THE BOOKWORMERY
Reading mojo, drugs, alcohol, no sex
Hello! And first of all an apology - I gather that there can and should be a ‘Welcome!’ email to go out to the lovely, lovely people who subscribe to this newsletter but I knew nothing about such a thing so currently they are going - and you have all gone - unwelcomed even though I am so glad to have you and so grateful that you are giving this endeavour a chance. So thank you, so much, and welcome. I am seeing a young person whom my publisher has found for me who is going to teach me more about this stuff in the next week or so, so I hope to be a better host soon. I just need one for real life now. God, wouldn’t that be great?

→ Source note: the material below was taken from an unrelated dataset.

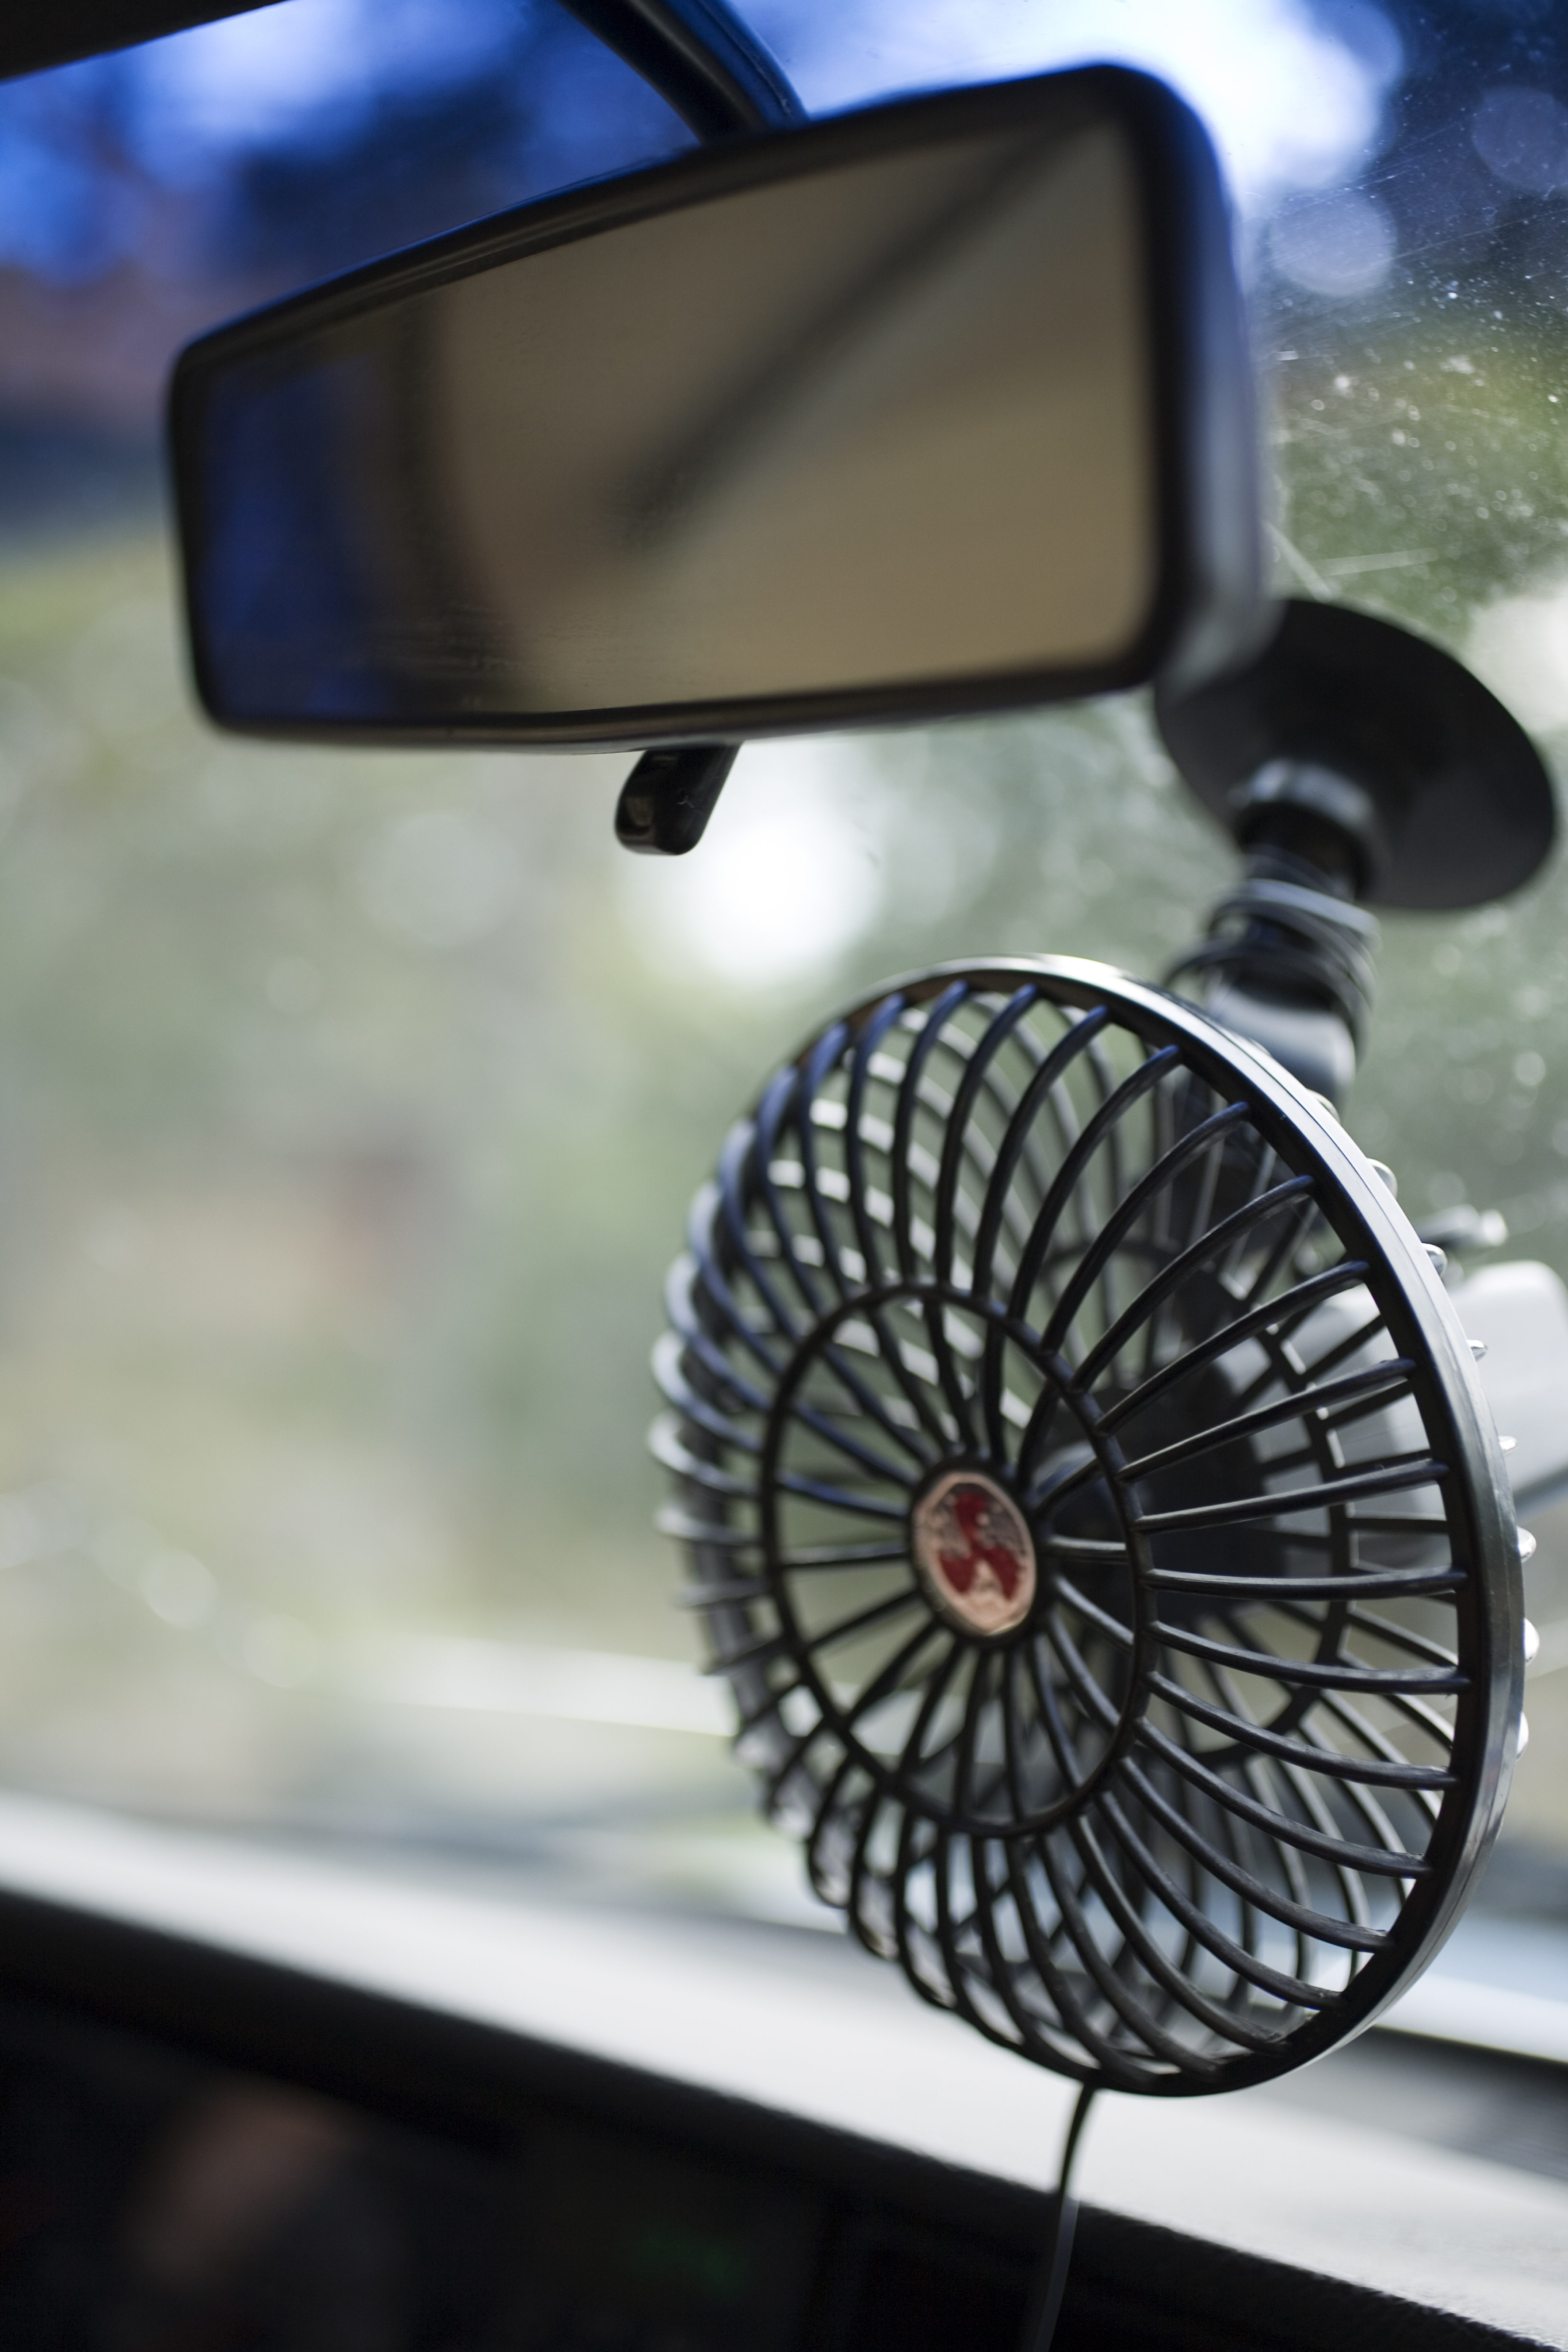 The suction tabs on the back of the fan allow it to be stuck almost anywhere in the car

Second of all, a follow-up to last week’s post. I mentioned that I’d bought the world’s greatest pen and a lot of you have asked for further details. It is The Wren pen from Tom's Studio and I love it. It was not cheap (£35) but I had been looking for a refillable, non-disposable but non-fountain-pen-pen for AGES and I’m calling it an early birthday present to myself. I got it in Ivy and it looks like this:
And we will talk about the very important matter of stationery properly soon.
Meanwhile, to this week’s thoughts.
So - I handed in 20,500 words of the first draft of my new book (20,559 actually – but who’s counting?) to my agents just before the Easter weekend and, as I am now experienced enough to expect and anticipate with joy, my reading mojo came back with a vengeance.
By reading mojo, I mean the full measure of love I have for and joy I take in reading. I (almost) always have some – even in the depths of despair or grief, because reading is a solace – but it took me a long time to realise that it becomes eroded while I am writing a book.
(Maybe it also does while I am writing columns or book reviews but because I have done that daily for so long I no longer notice, and it should now just be counted as my baseline mojo? If I ever take two weeks off and can determine anything through the panicked haze brought about by not working – will everyone sack me while I’m gone? Will I ever work again? Will I have lost the ability to write at all? – then I will be interested to find out.)
Some of the reasons for this erosion are relatively obvious. You need to get away from the printed word for a bit, just as you need to get away from your desk or, if you are a teacher, children, an accountant Excel spreadsheets, or an Evri customer complaints handler the whole world.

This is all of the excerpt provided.